(Problem details) Pictures aside, quote the whole listing exactly.

-------- Collected material

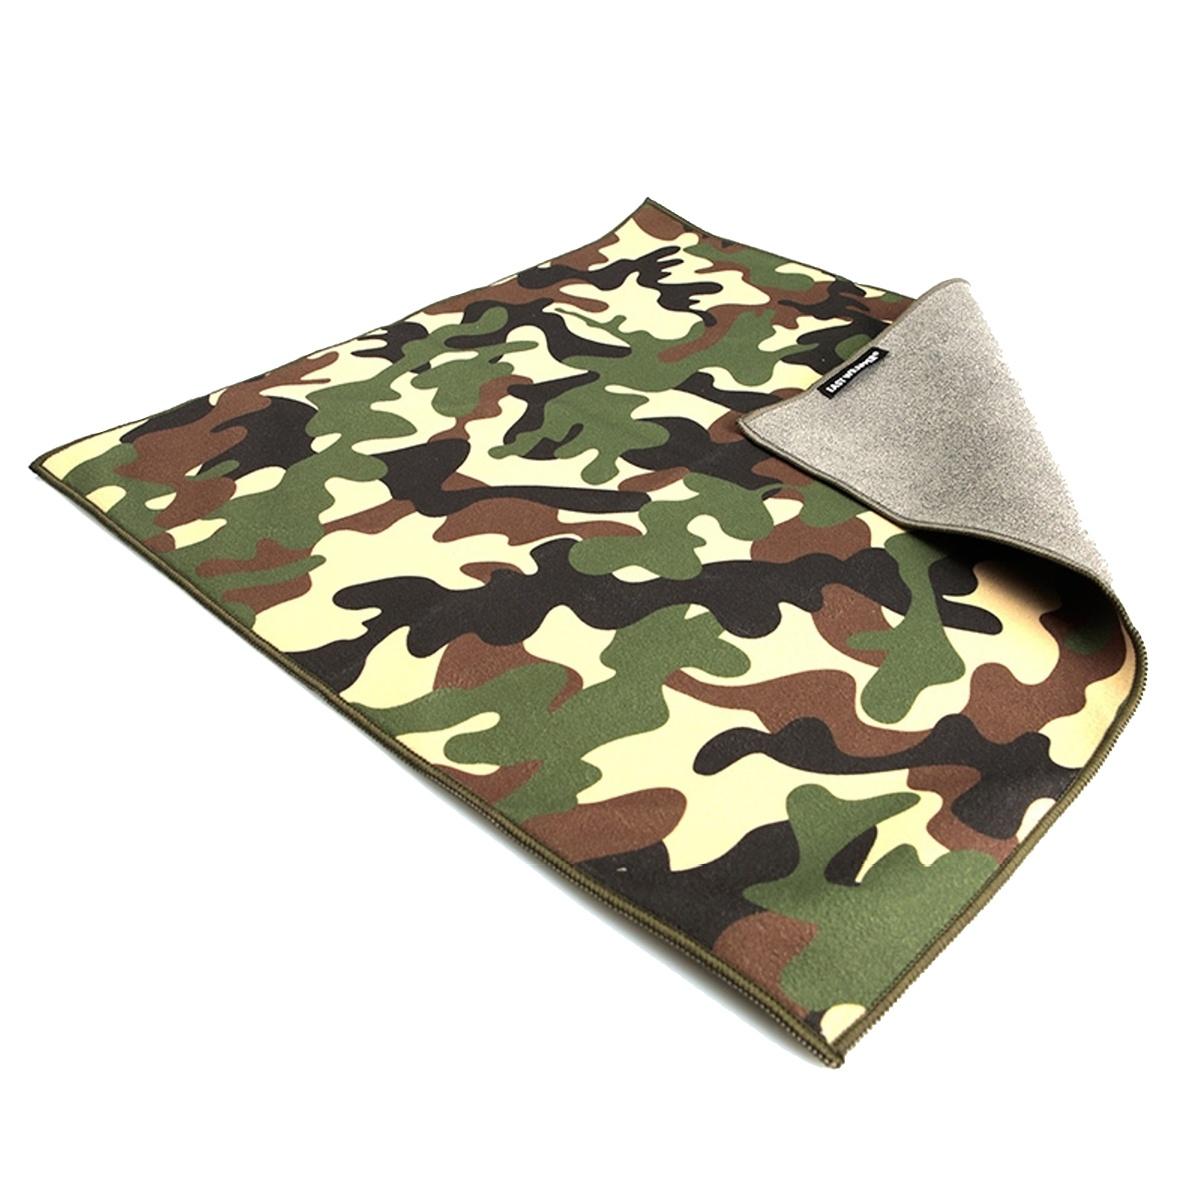 Einschlagtuch Easy Wrapper (XL) Camouflage
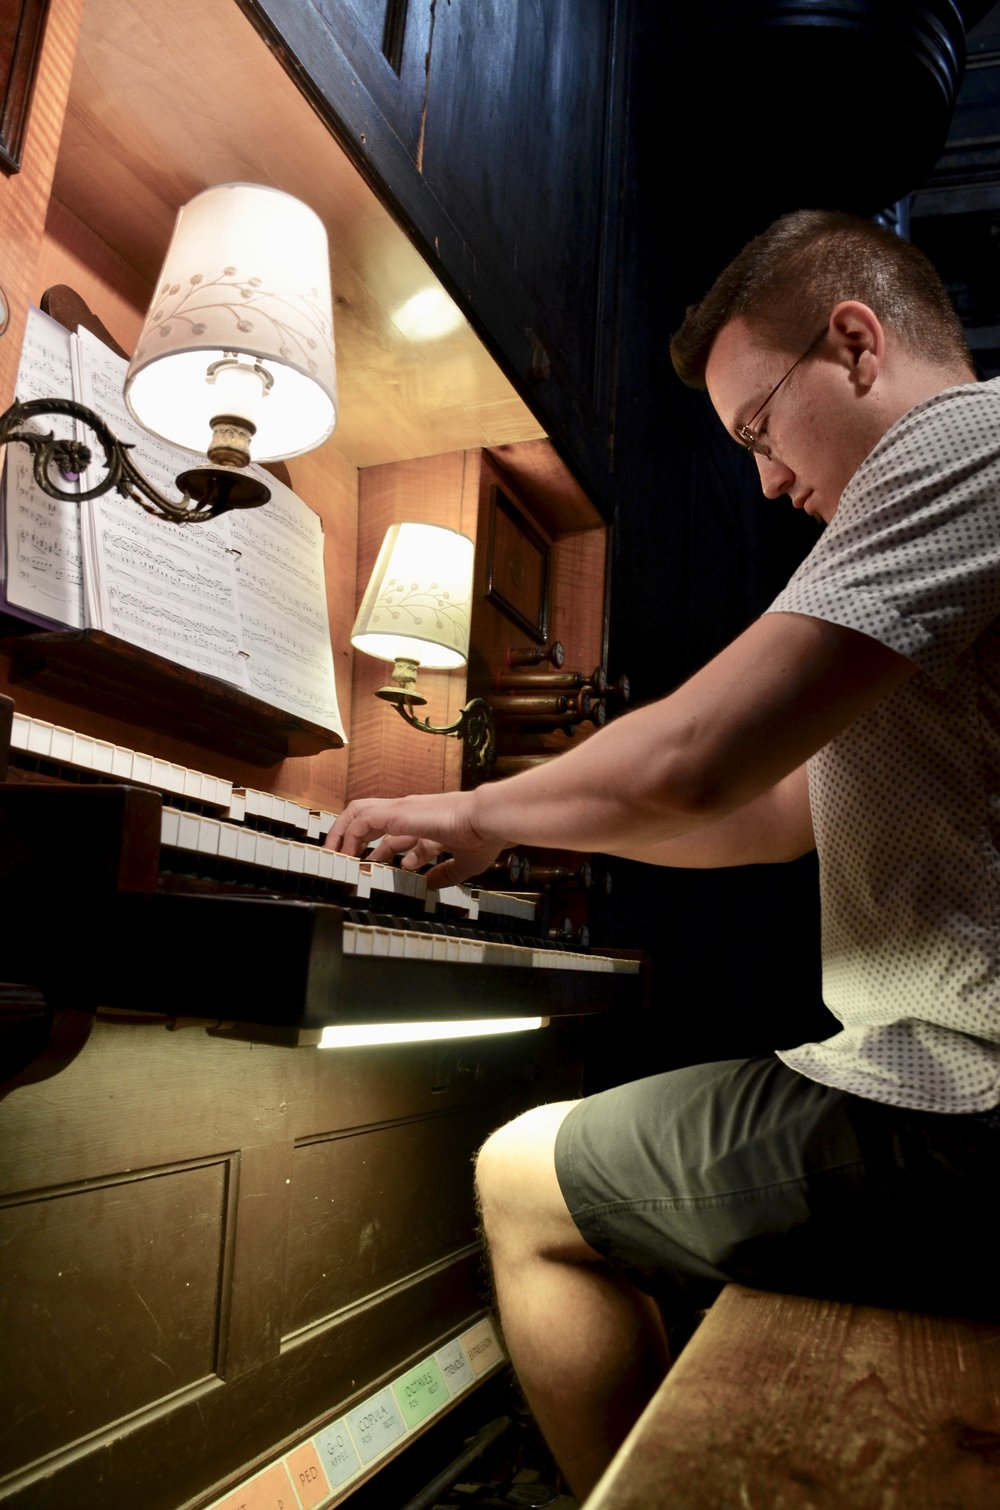 Corey De Tar plays the organ in Notre Dame la Daurade, Toulouse
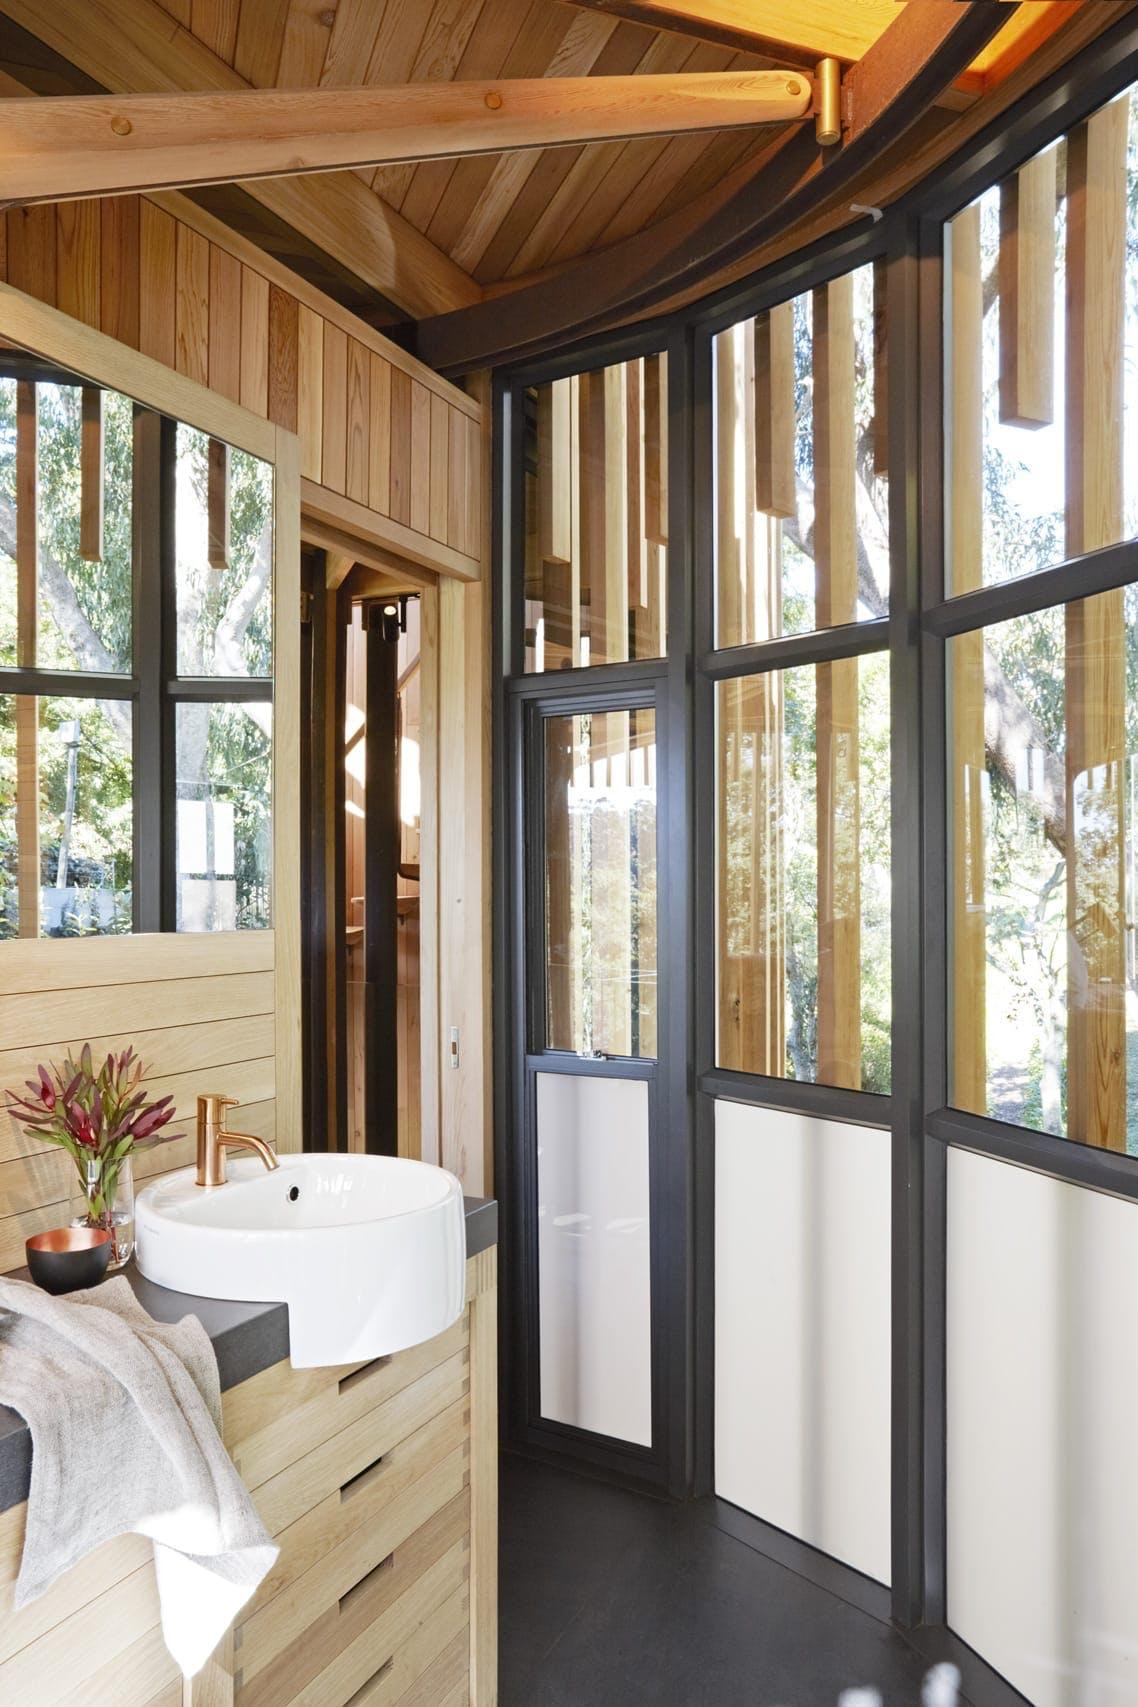 Badeværelse træhus luksus

----------------

(Response to this exercise)
 Einschlagtuch Easy Wrapper (XL) Camouflage
 Corey De Tar plays the organ in Notre Dame la Daurade, Toulouse
 Badeværelse træhus luksus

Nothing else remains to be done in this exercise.